Wraps WhatsApp Web's official VoIP WASM stack and uses Baileys for authentication and signaling. Audio (MP3, WAV, or Float32Array) is encoded with Opus and sent over the live RTP session.

Author: ShellTear

Status

  • ✅ Outbound 1:1 voice calls
  • ✅ Stream audio from MP3/WAV files
  • ✅ Receive remote audio as Float32Array
  • ✅ Mute / unmute / hang up
  • ❌ Group calls
  • ❌ Video
  • ❌ Inbound calls

Requirements

  • Node.js ≥ 20
  • ffmpeg on PATH (used to decode/resample audio sources)
  • A linked WhatsApp account (you'll scan a QR on first run)

Install

This package isn't published on npm. Pull it in directly from git:

git clone https://github.com/SheIITear/baileys-caller
cd baileys-caller
npm install
npm run build

You can also depend on it from another project via a git URL in package.json:

{
  "dependencies": {
    "baileys-caller": "git+https://github.com/SheIITear/baileys-caller.git",
    "@whiskeysockets/baileys": "^7.0.0-rc11"
  }
}

@whiskeysockets/baileys is a peer dependency — install it in your project alongside this one.

Quick Start

import { VoipClient } from "baileys-caller";

const client = new VoipClient({ authDir: "./auth" });

await client.connect(); // first run prints a QR for WhatsApp > Linked Devices

const call = await client.call("12345678901", {
  audioSource: "./hello.mp3",
});

call.on("ringing",   () => console.log("ringing"));
call.on("connected", () => console.log("connected"));
call.on("audio",     (pcm) => { /* 16 kHz mono Float32Array from the peer */ });
call.on("ended",     (reason) => console.log("ended:", reason));

await call.waitForEnd();
client.disconnect();

Run the bundled example from a clone:

npx tsx examples/call.mts ./auth 12345678901 ./hello.mp3

API

new VoipClient(options)

Option Type Description
authDir string Baileys multi-file auth state directory

client.connect(): Promise<void>

Connects to WhatsApp. On first run a QR code is printed; scan it from WhatsApp > Settings > Linked Devices. Subsequent runs reuse authDir.

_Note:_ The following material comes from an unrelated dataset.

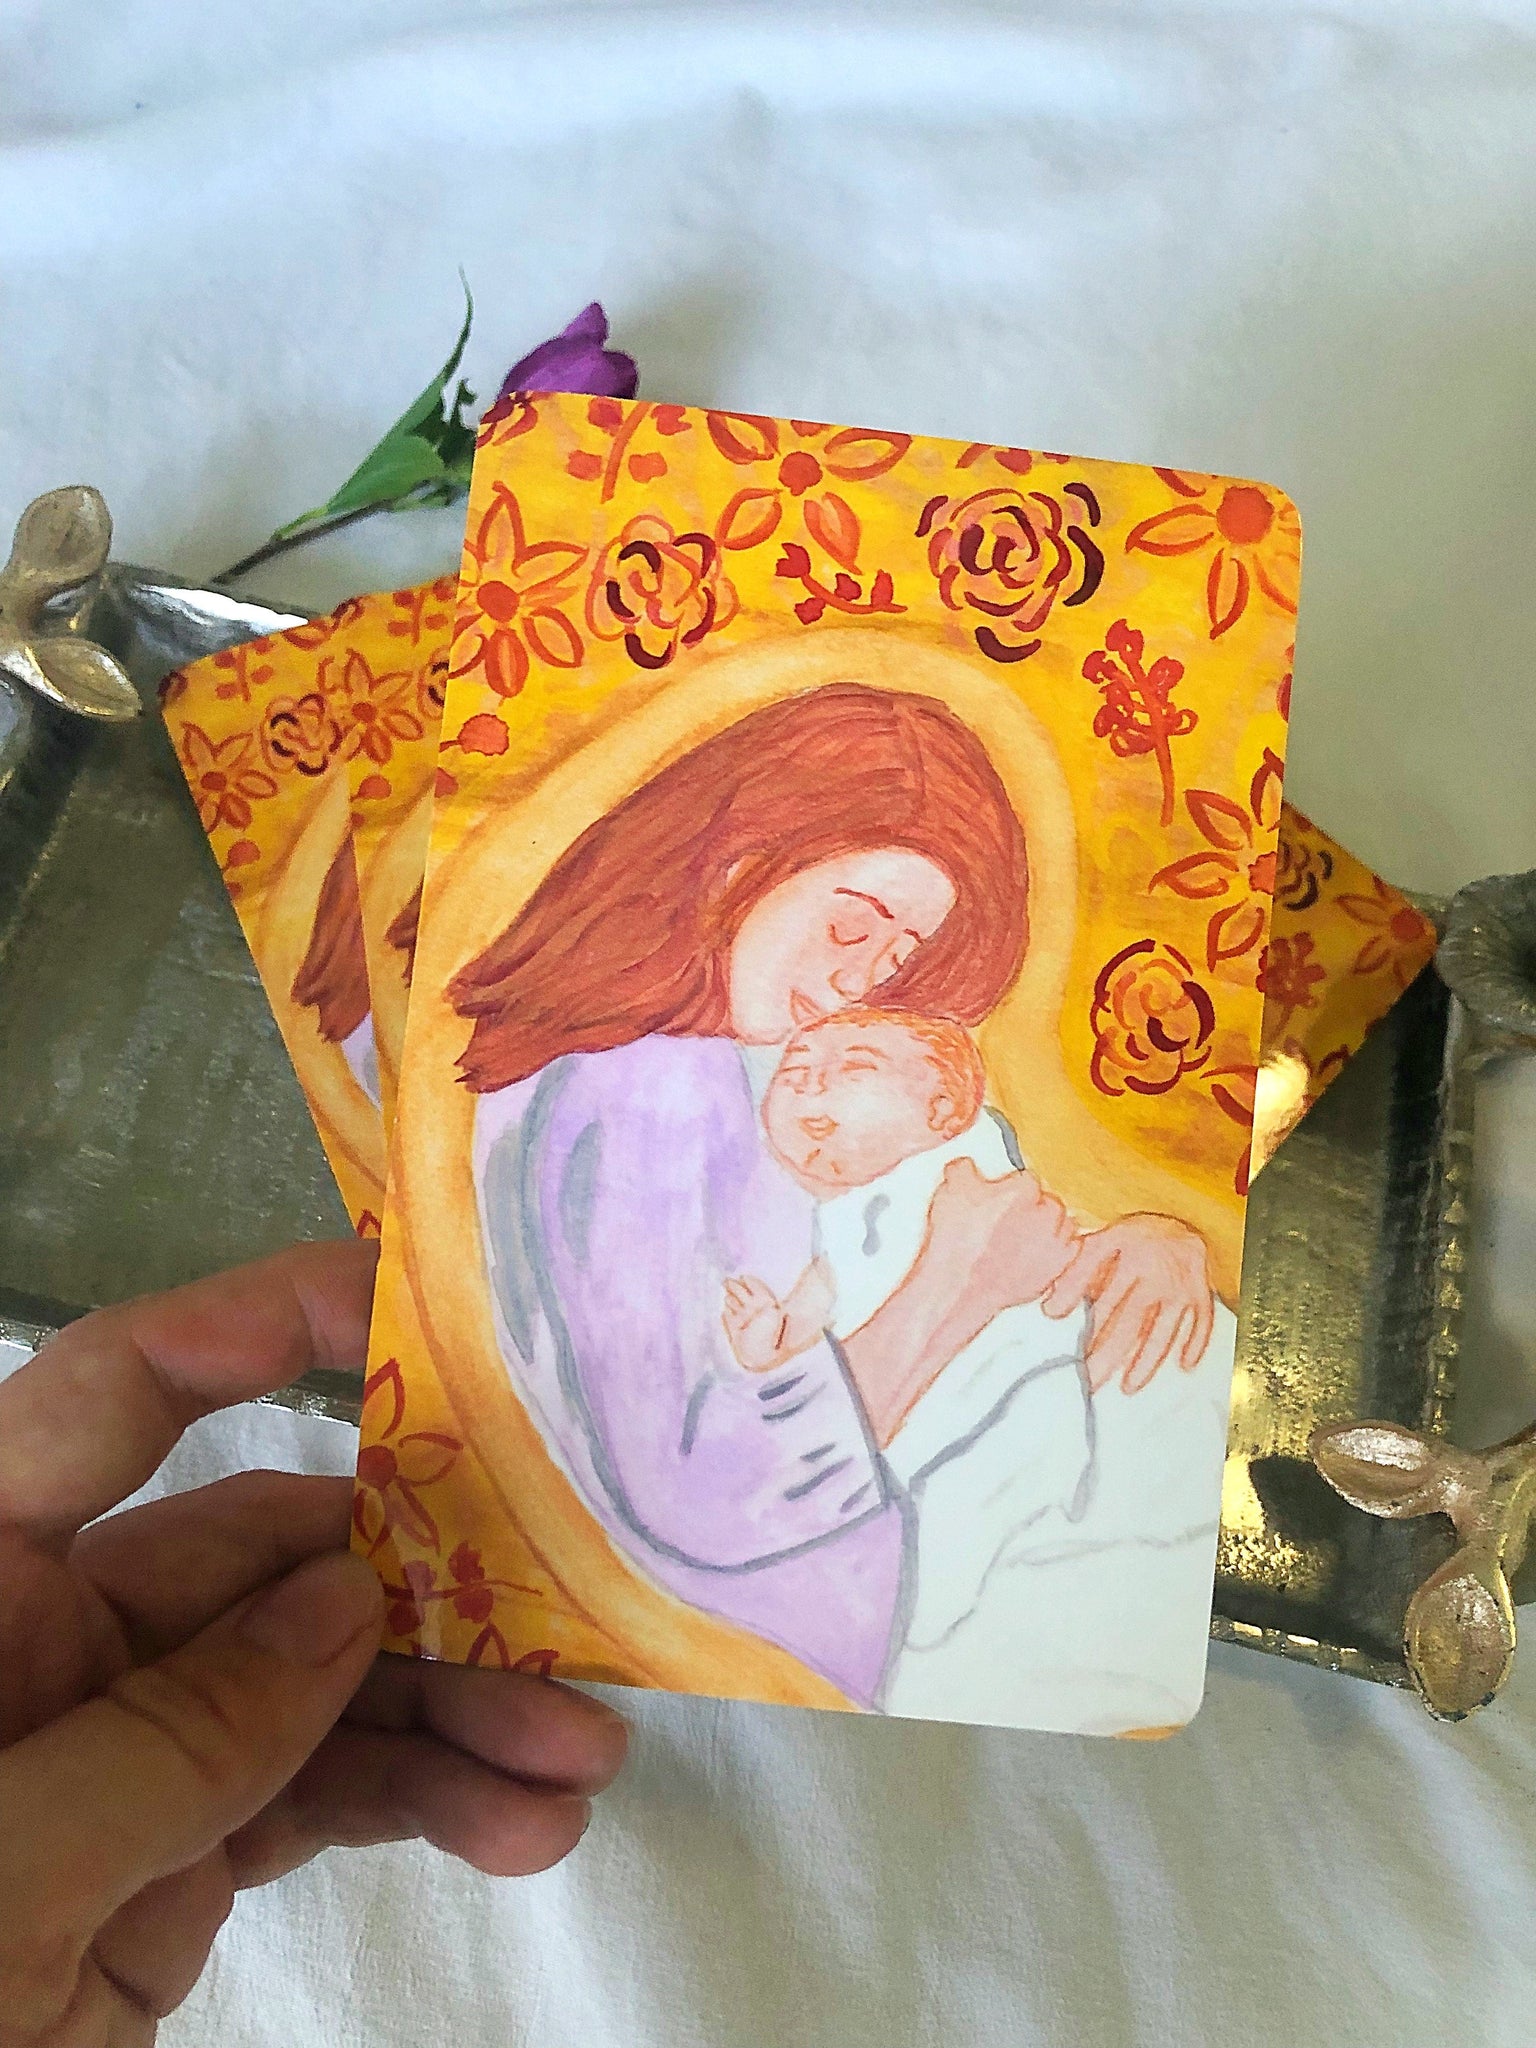 Pack of Prayer Cards Bundle - Mother's Prayer - Support for Mothers

client.call(phoneNumber, opts?): Promise<ActiveCall>

Places an outbound call. phoneNumber is digits only (e.g. "12345678901").

Option Type Description
audioSource string | "silence" Path to MP3/WAV, or "silence" for an empty stream
durationMs number? Auto-hangup after N ms

client.disconnect(): void

Closes the WhatsApp socket and releases resources.

ActiveCall

Returned by client.call(). Extends EventEmitter.

Events

Event Payload When
ringing Remote device is ringing
connected Call answered, media flowing
audio Float32Array 16 kHz mono PCM frame from the remote peer
ended string Call ended (hangup, timeout, rejected)
error Error Fatal error

Methods

  • call.end(): void — hang up
  • call.mute(muted: boolean): void — toggle outgoing mute
  • call.waitForEnd(): Promise<string> — resolves with end reason

Properties

  • call.callId: string

How it works

  1. Baileys handles WhatsApp authentication, encryption, and signaling stanzas.
  2. The WhatsApp Web VoIP WASM stack runs in-process to negotiate the call, encode/decode Opus, and manage the RTP/SRTP session.
  3. A pthread pool of worker_threads mirrors the browser's Web Worker pool the WASM expects.
  4. Outbound audio is decoded with ffmpeg, resampled to 16 kHz mono, fed into the WASM, and delivered to the relay.
  5. Inbound audio is exposed as Float32Array chunks via the audio event.

Auth state

authDir stores Baileys session keys after the first QR scan. Treat it like a credential — anyone with that directory can act as your linked device.

WASM resources

The WASM binary and its loader (whatsapp.wasm, loader.js, worker-modules.js) live under assets/wasm/. To refresh them from a current WhatsApp Web session:

npm run fetch-wasm